Migration results in hanged VM with CPU on 100%

aolujic

New Member
Aug 16, 2023
8
0
1
Hello all,
after latest upgrade of no-subscription 3-node cluster system, that contained only several pve packages (pve/ha manager and kernel among them), almost every migration of any virtual machine will result in successful migration (task finished fine) but in reality the (virtual) machine would be hanging and it's CPU would be on 100%

The only way to recover is to reset the virtual machine (qm reset <vmid> on the command line of the affected node). Please note that this system was running for over a year without ever experiencing something remotely similar to this issue.

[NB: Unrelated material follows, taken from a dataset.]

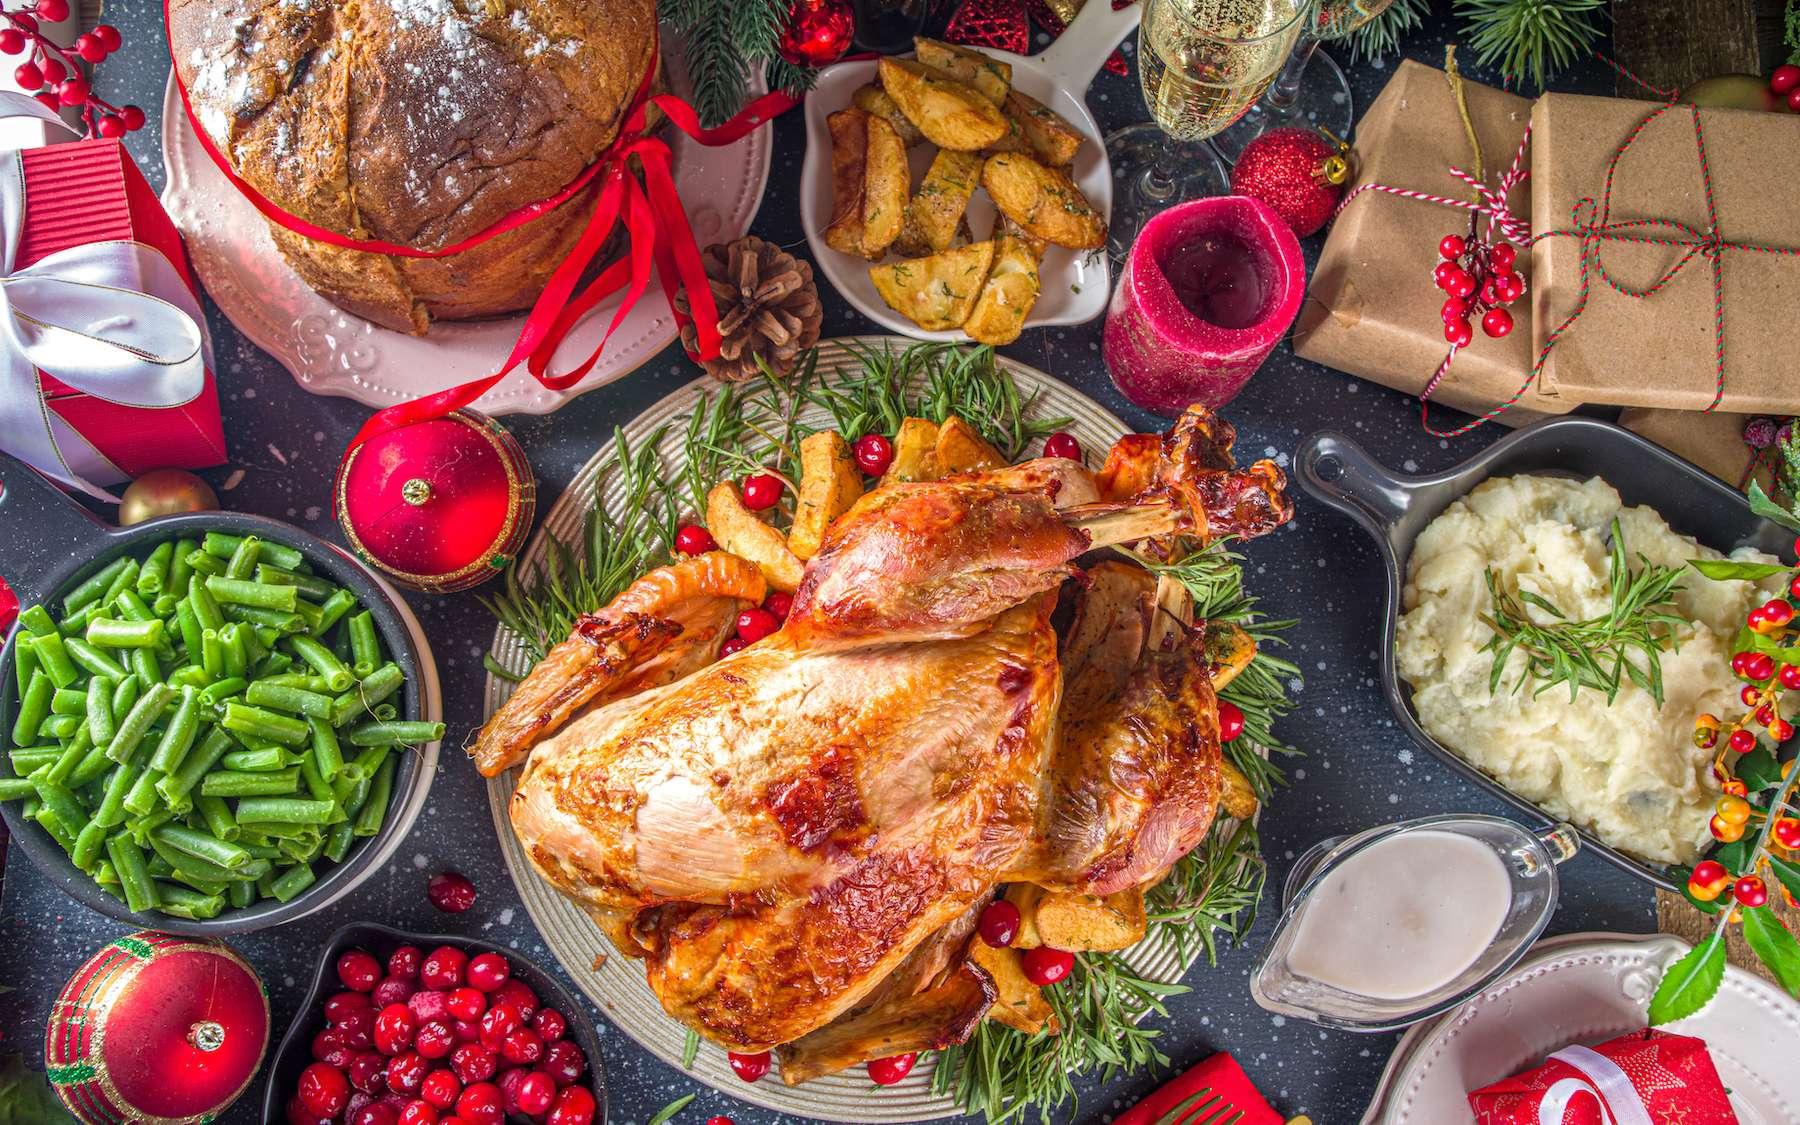 Viande, poisson, fruits et légumes : que savourer en novembre ? © ricka_kinamoto, Adobe Stock
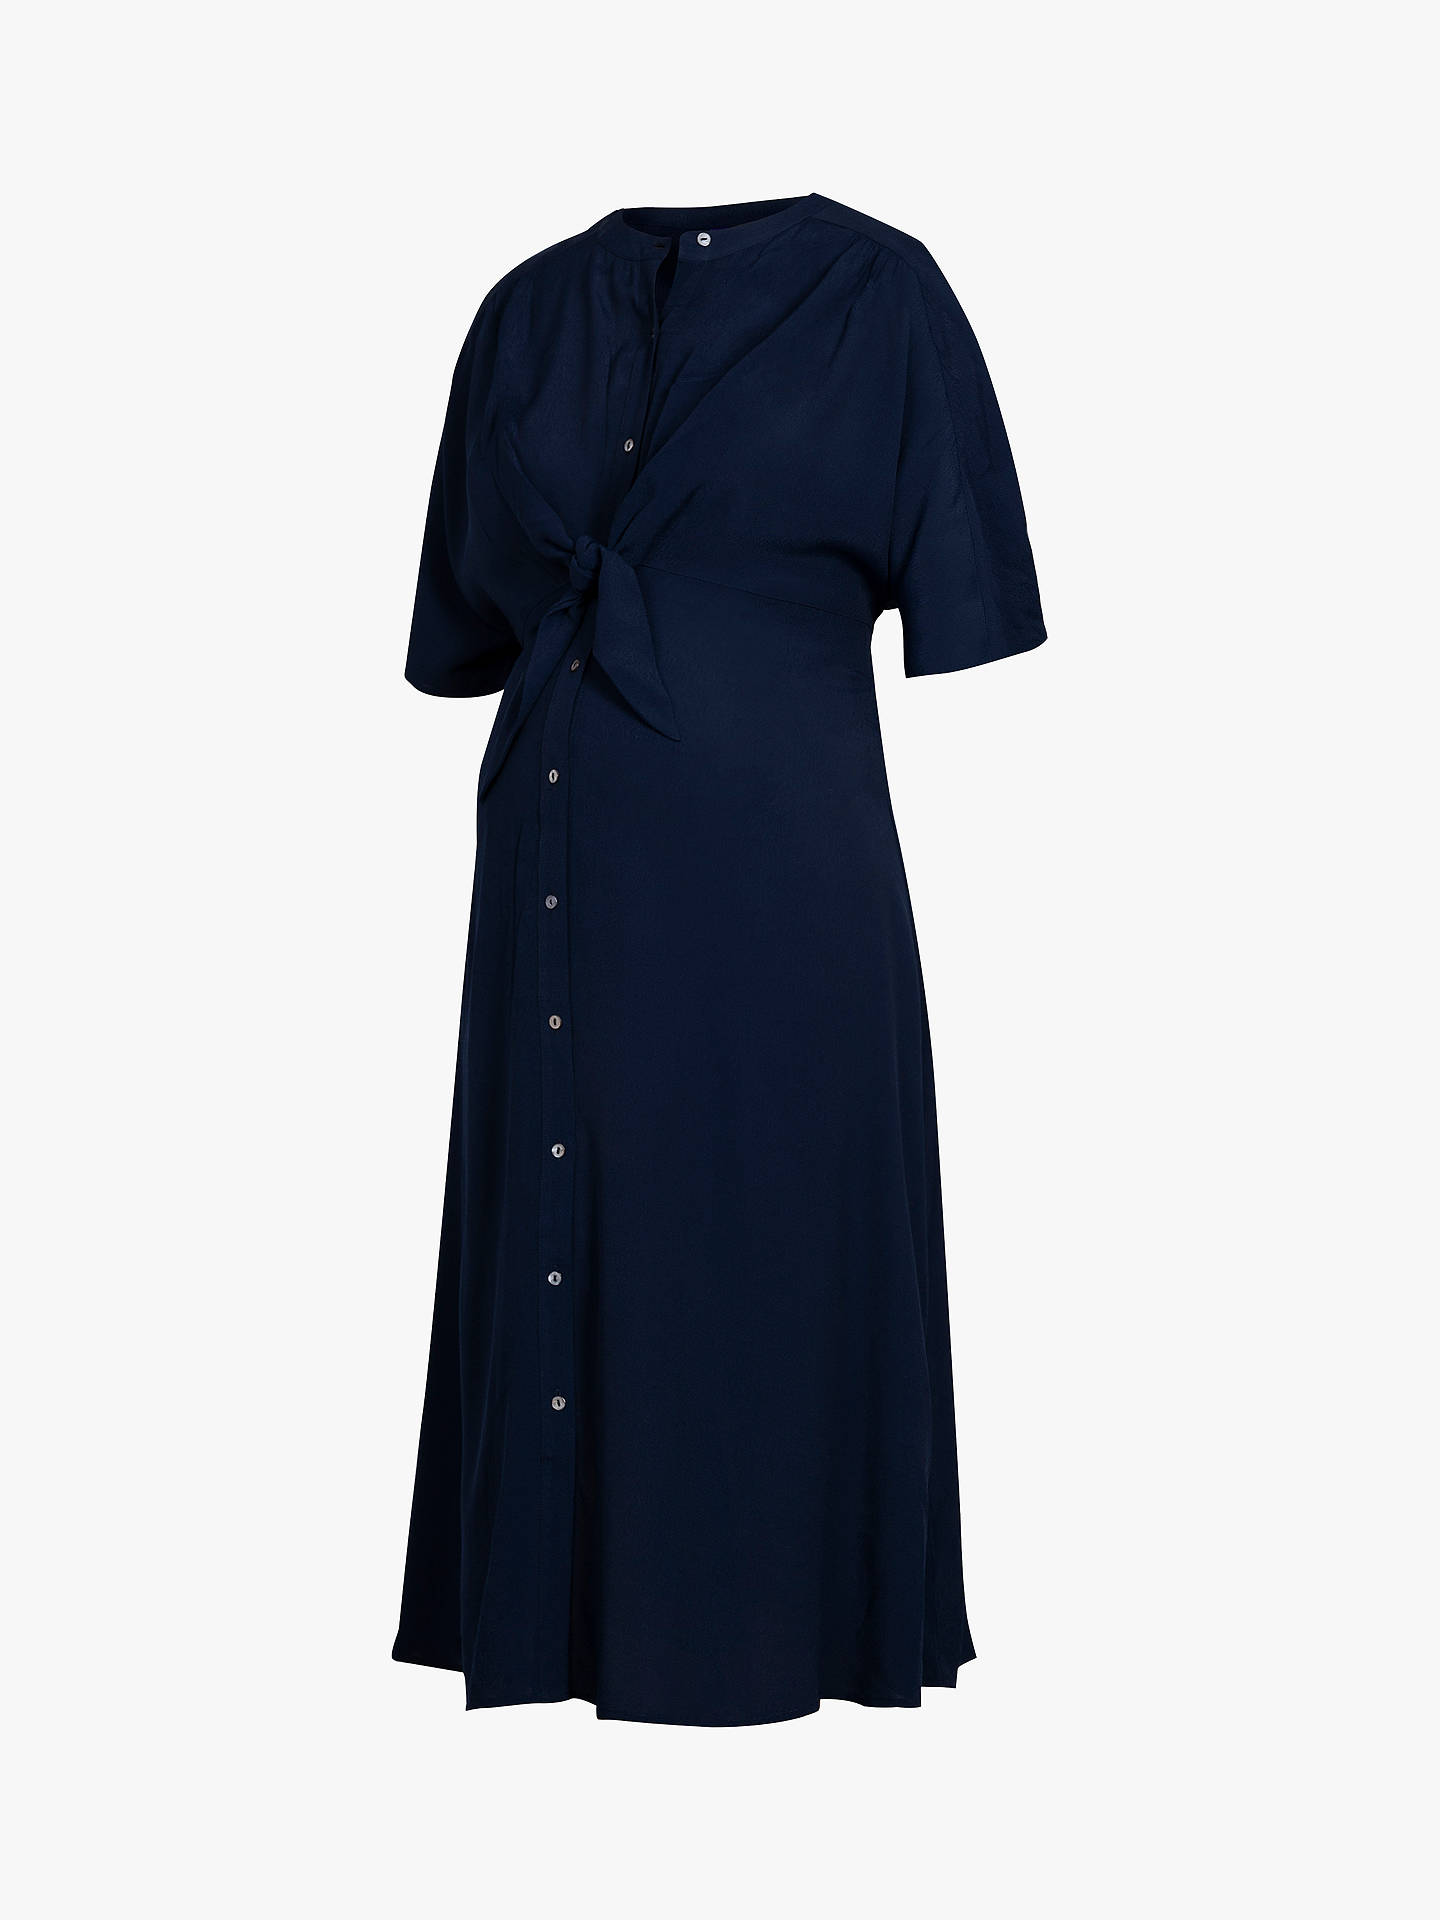 207b56ff ... Buy Séraphine Bitzy Shirt Maternity Dress, Navy, 8 Online at  johnlewis.com

The direction of migration is also not important and this issue would appear regardless of source or destination pve host.

After the reset, affected VM would run without any issues and continue running stable for days.

The system is based on Ryzen 9 CPU's and there were no recent BIOS or microcode changes that can be tied to the problem. System runs under very low utilization anyway (it is a lab).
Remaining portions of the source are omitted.